El titular de un artículo de La Vanguardia publicado en 2018 decía: «Uno de cada cuatro españoles presenta algún tipo de alergia». En el artículo se mencionan algunos de los siguientes términos: [2 puntos]
a) Defina antígeno y anticuerpo. [0,6 puntos]
b) Defina alergia. [0,3 puntos]
c) Defina inmunodeficiencia. [0,5 puntos]
d) Defina autoinmunidad y rechazo. [0,6 puntos]
Antígeno. Es toda sustancia que el sistema inmunitario reconoce como extraña y que es capaz de desencadenar una respuesta inmunitaria específica contra ella. Suelen ser proteínas o polisacáridos de la superficie de bacterias, virus, células extrañas o granos de polen. El sistema inmunitario no reconoce la molécula entera, sino unas regiones concretas llamadas determinantes antigénicos o epítopos.
Anticuerpo. Es una proteína del grupo de las inmunoglobulinas, producida por los linfocitos B —concretamente por las células plasmáticas en que estos se diferencian—, capaz de unirse de forma específica a un antígeno determinado y neutralizarlo. Consta de cuatro cadenas polipeptídicas, dos pesadas y dos ligeras, unidas por puentes disulfuro y dispuestas en forma de Y; los extremos de sus dos brazos constituyen las regiones variables, responsables de la especificidad.
La alergia o hipersensibilidad es una respuesta inmunitaria exagerada y errónea frente a una sustancia que en principio es inocua para el organismo —el polen, los ácaros, el pelo de un animal, ciertos alimentos o medicamentos—, y que recibe el nombre de alérgeno.
El mecanismo habitual es la producción de anticuerpos de tipo IgE, que se fijan a la superficie de mastocitos y basófilos; cuando el alérgeno vuelve a entrar y se une a ellos, estas células liberan histamina y otros mediadores que provocan la inflamación, la vasodilatación y los síntomas característicos. El daño no lo causa el alérgeno, sino la propia reacción defensiva, que puede llegar a ser tan intensa que ponga en peligro la vida, como en el choque anafiláctico.

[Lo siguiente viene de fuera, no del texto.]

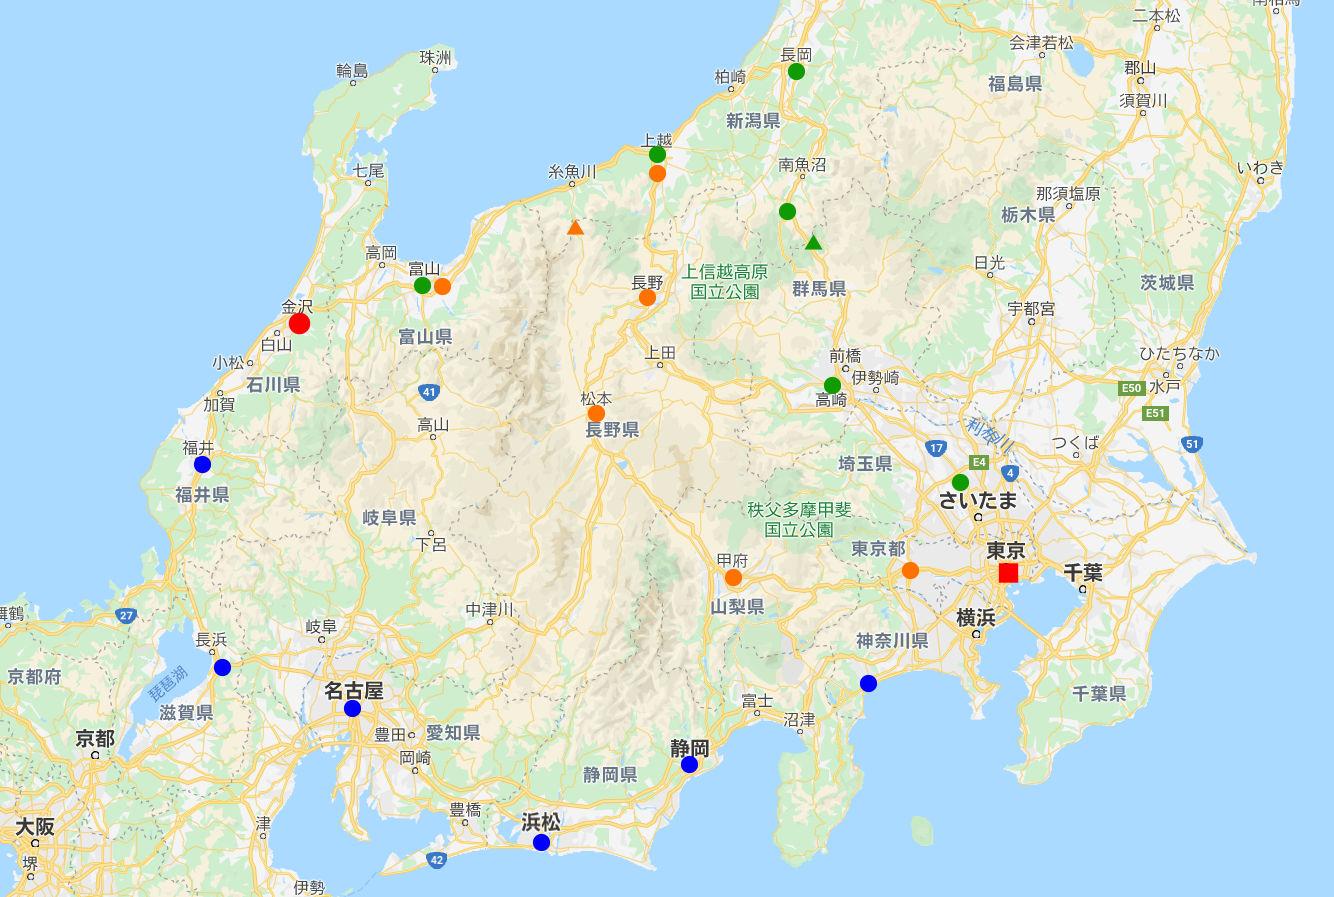 はるかなる北陸路・その1・青春18きっぷで東京から金沢へ2009冬-1101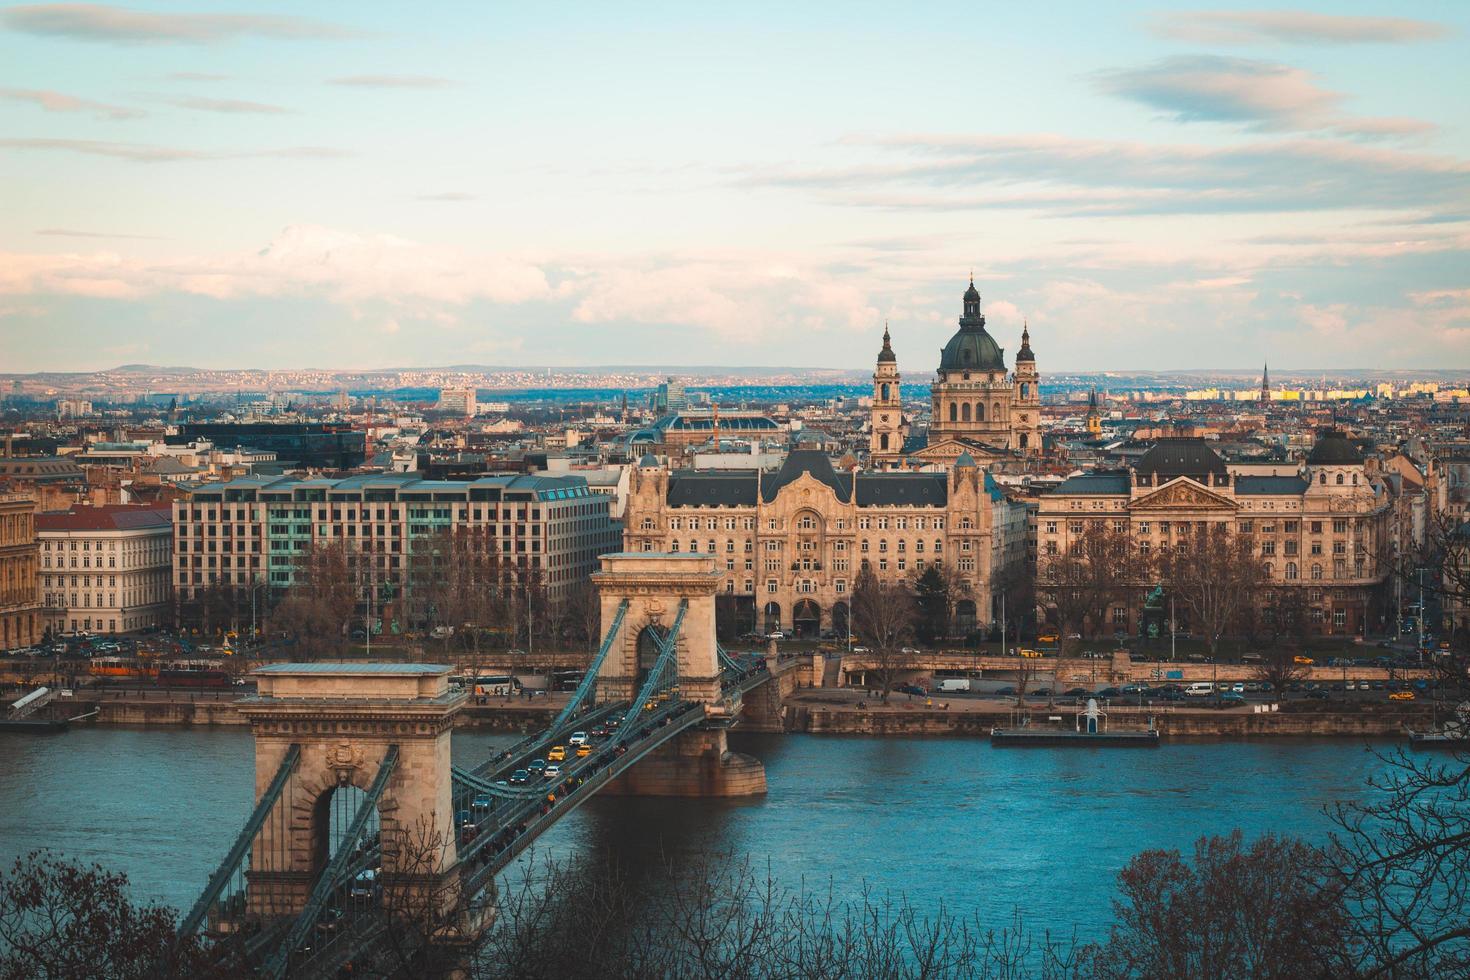 Pont en béton brun sur la rivière photo

Es la incapacidad del sistema inmunitario para desarrollar una respuesta adecuada frente a los antígenos extraños, de manera que los agentes patógenos no se eliminan correctamente. El individuo queda expuesto a infecciones frecuentes, graves o causadas por microorganismos que normalmente no serían peligrosos —las llamadas infecciones oportunistas—, y también a una mayor incidencia de tumores.
Puede ser congénita, cuando se debe a un defecto genético presente desde el nacimiento, o adquirida, cuando la provoca un agente externo: el ejemplo más conocido es el sida, causado por el VIH, que destruye los linfocitos T colaboradores; también la producen la desnutrición grave, ciertos tratamientos como la quimioterapia o los inmunosupresores, y algunas enfermedades.
Autoinmunidad. Es la situación en la que el sistema inmunitario pierde la tolerancia a lo propio y desencadena una respuesta contra las células, los tejidos o las moléculas del propio organismo, al dejar de reconocerlos como propios. Cuando esa respuesta produce daño aparecen las enfermedades autoinmunitarias, como la diabetes de tipo I, la artritis reumatoide, el lupus o la esclerosis múltiple.
Rechazo. Es la respuesta inmunitaria que el organismo del receptor desencadena contra un órgano o tejido trasplantado, y que puede acabar destruyéndolo. Se produce porque las células del injerto llevan en su membrana glucoproteínas del complejo principal de histocompatibilidad distintas de las del receptor, de modo que este las identifica como antígenos extraños y las ataca, sobre todo mediante los linfocitos T citotóxicos. Para evitarlo se buscan donantes compatibles y se administran fármacos inmunosupresores.